Per i viaggi intellettuali e artistici lo spazio lo trova...
«Beh noi siamo sempre stati legati alla musica. Quindi in questo senso viaggi tanto. Mi piace l’opera lirica, perché è una delle identità dell’italianità. L’Italia non è un Paese fondato sul lavoro ma sul melodramma; la Germania sulla tragedia e la Gran Bretagna sull’arrivo dall’estero di forze musicali. Senza Haendel non ci sarebbero stati i Beatles. La Francia, infine, ama la musica pomposa».
Con l’opera ha mai avuto «incontri ravvicinati» di qualche tipo?
«Nel 2008 sono stato chiamato dal regista Pier Luigi Pizzi a interpretare il narratore Njegus nell’operetta La vedova allegra di Franz Lehár, in scena al Teatro alla Scala. È stata un’emozione formidabile perché sono rimasto in scena per tutta la durata dello spettacolo».
Che rapporti ha con il Teatro alla Scala?
«Attualmente sono nel consiglio di amministrazione. In verità i miei ruoli gestionali si sono svolti tutti qui, a Milano: prima a Palazzo Marino, poi mi sono occupato del Duomo e del suo museo, e ora il Piermarini, tutti luoghi che raggiungo a piedi».
Con tutte queste esperienze che cosa ha capito dell’Italia?
«A proposito ho scritto un libro. L’Italia è un Paese diverso da tutti gli altri Paesi europei, con parametri aggregativi differenti. Tutta l’Europa è monarchica, noi siamo comunali, una sommatoria di comuni. L’Italia è unita con la forchetta e con il bicchiere».

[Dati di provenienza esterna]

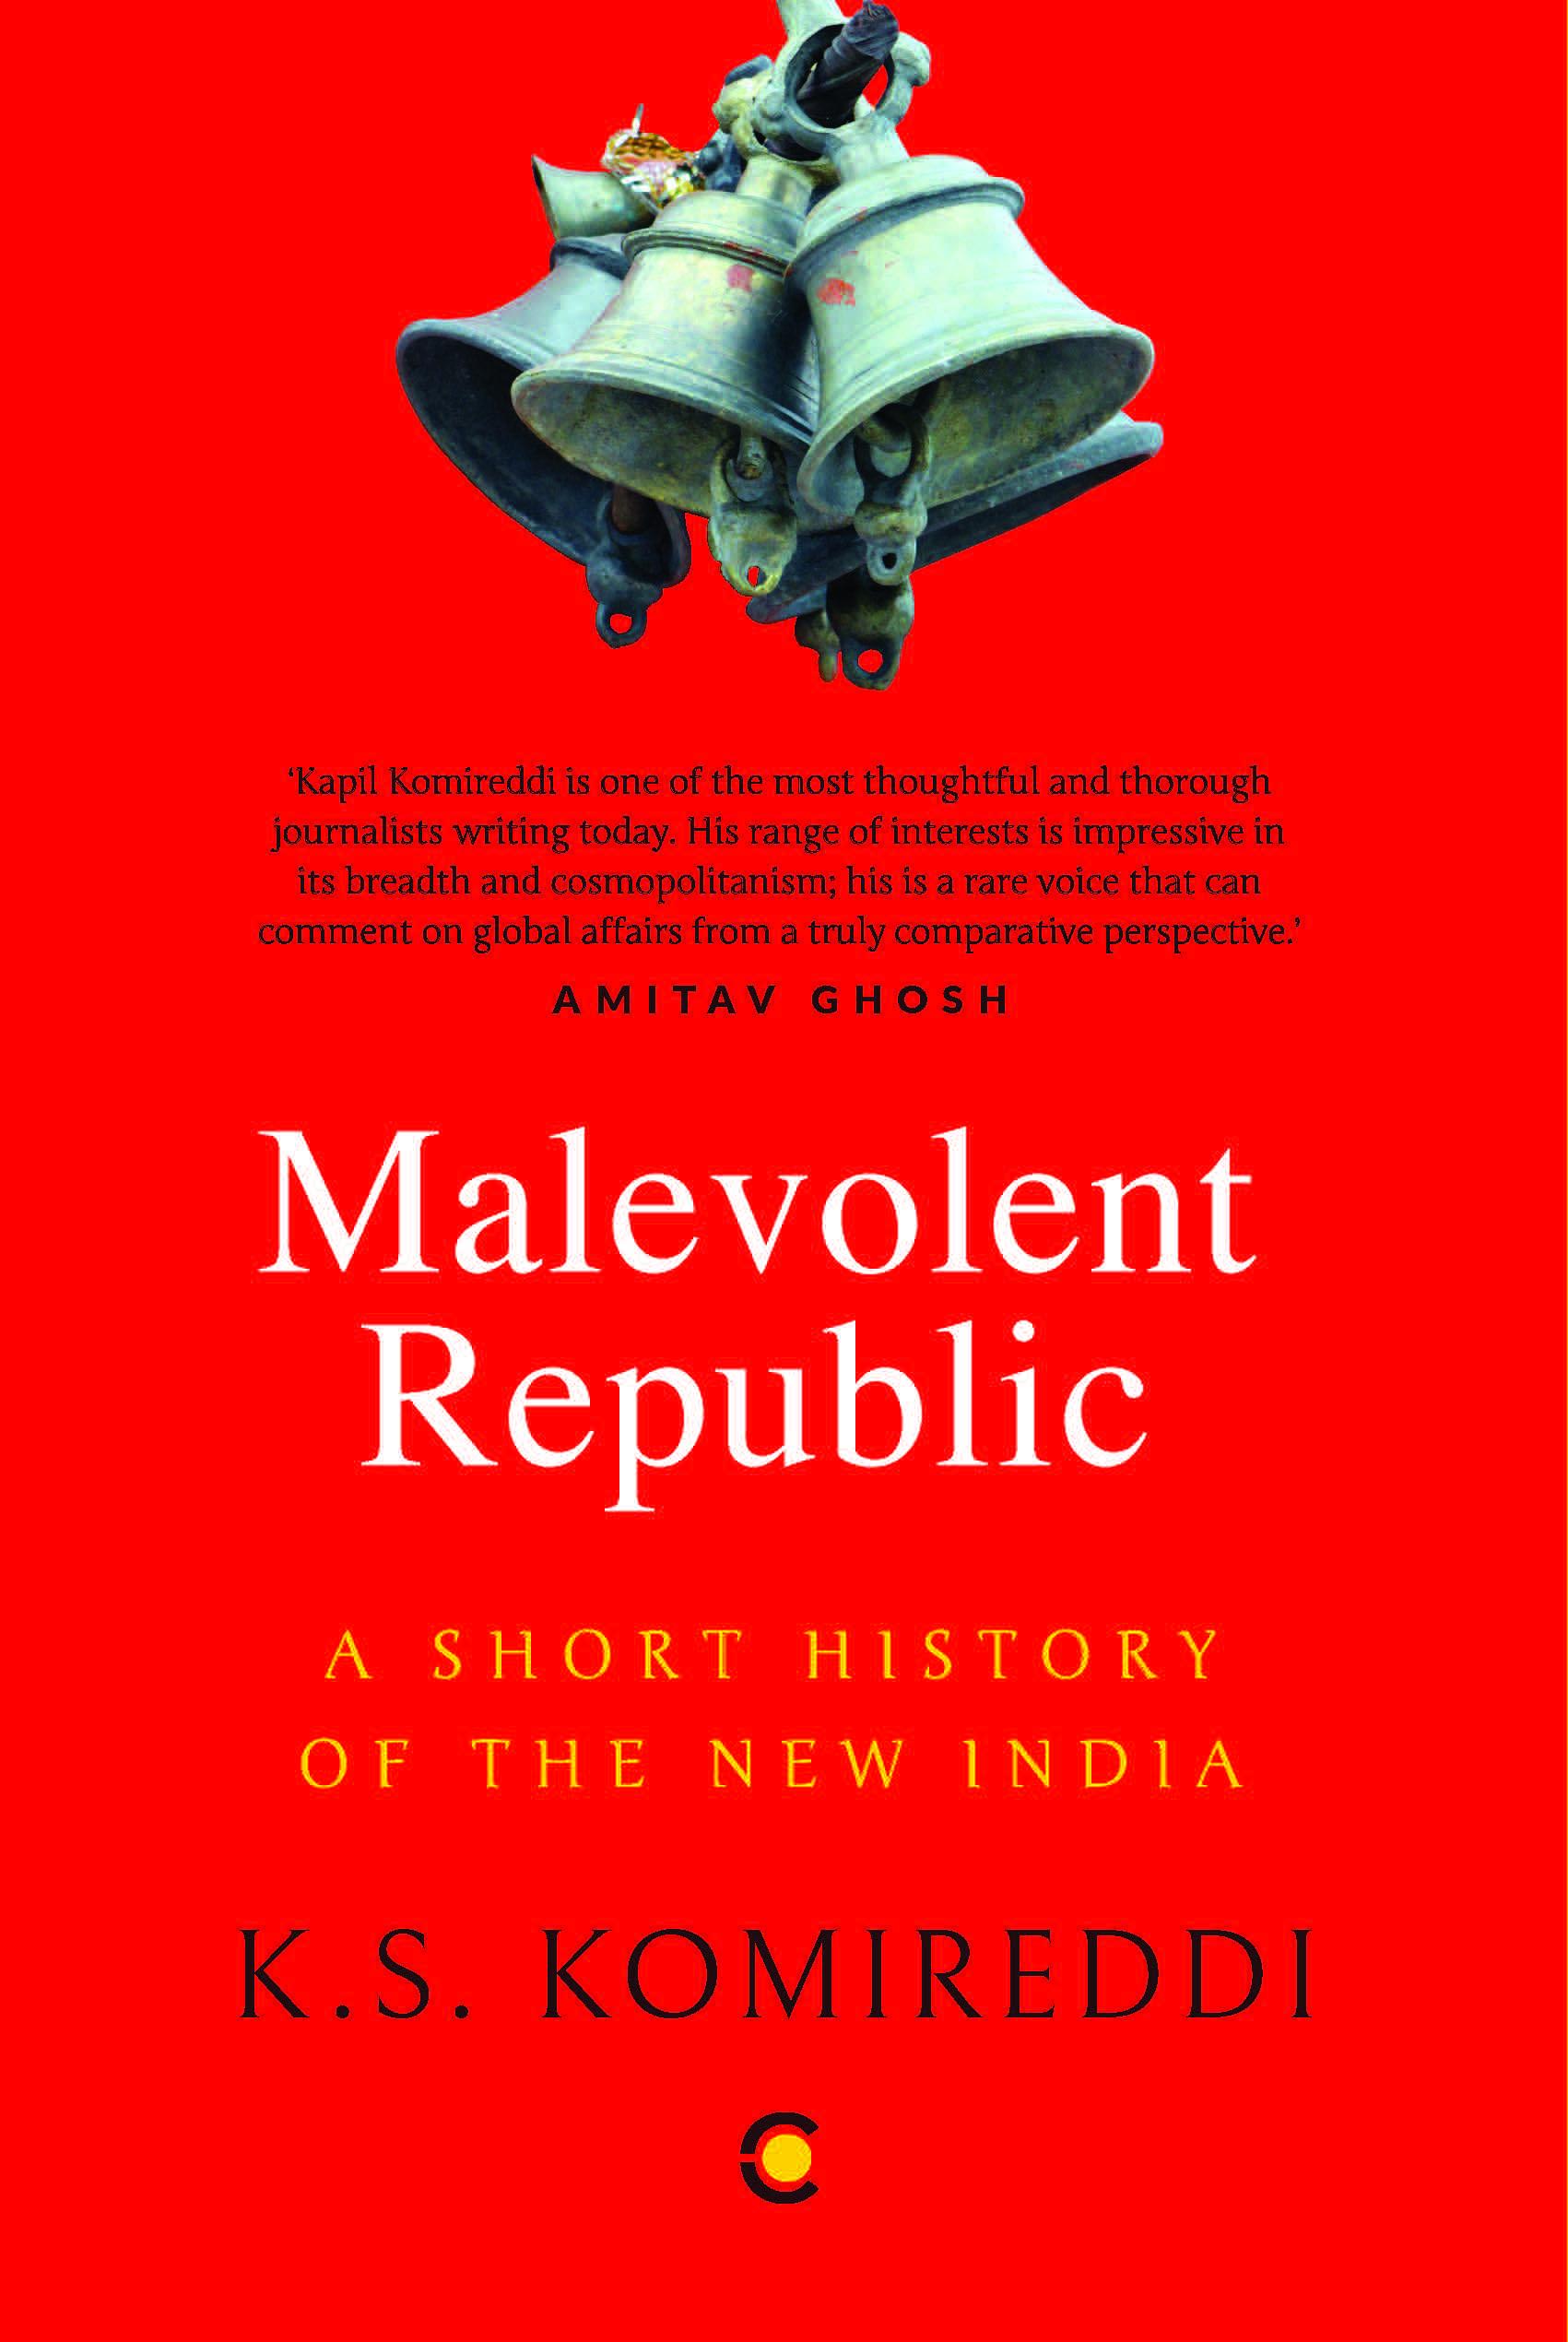 Malevolent Republic
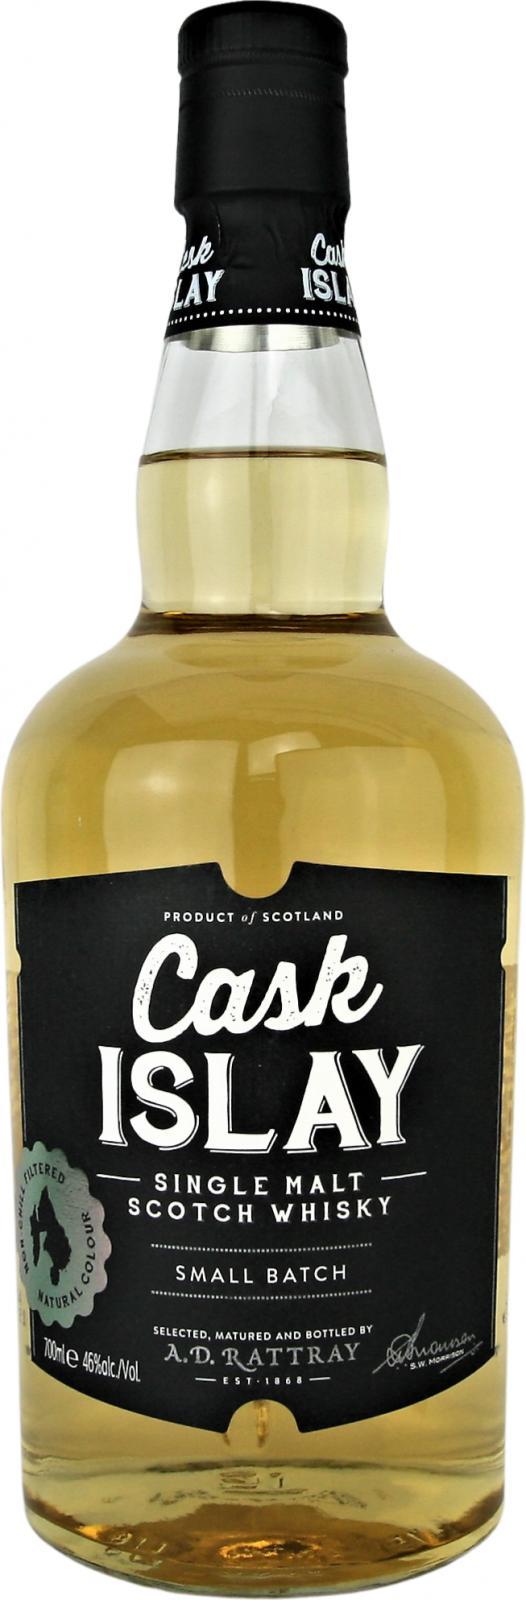 Cask Islay NAS DR

Gioco della torre: un quadro, un brano, un libro, un film che non butterebbe giù, che salverebbe...
«Per l’arte La colazione sull’erba di Monet perché riassume il passato e anticipa il futuro. Per la musica L’arte della fuga di Bach, è una costruzione colossale. Riguardo ai libri la Crocifissione rosea di Henry Miller, c’è tutta la complessità del nostro mondo moderno. Infine il film, penso a Senso di Luchino Visconti, è il più bel riassunto epico del nostro Paese».
Ultima domanda su Dio.
«Sono religioso ma non baciapile. Il rapporto col piano di sopra è fondamentale e faccio di tutto per mantenere un dialogo costante».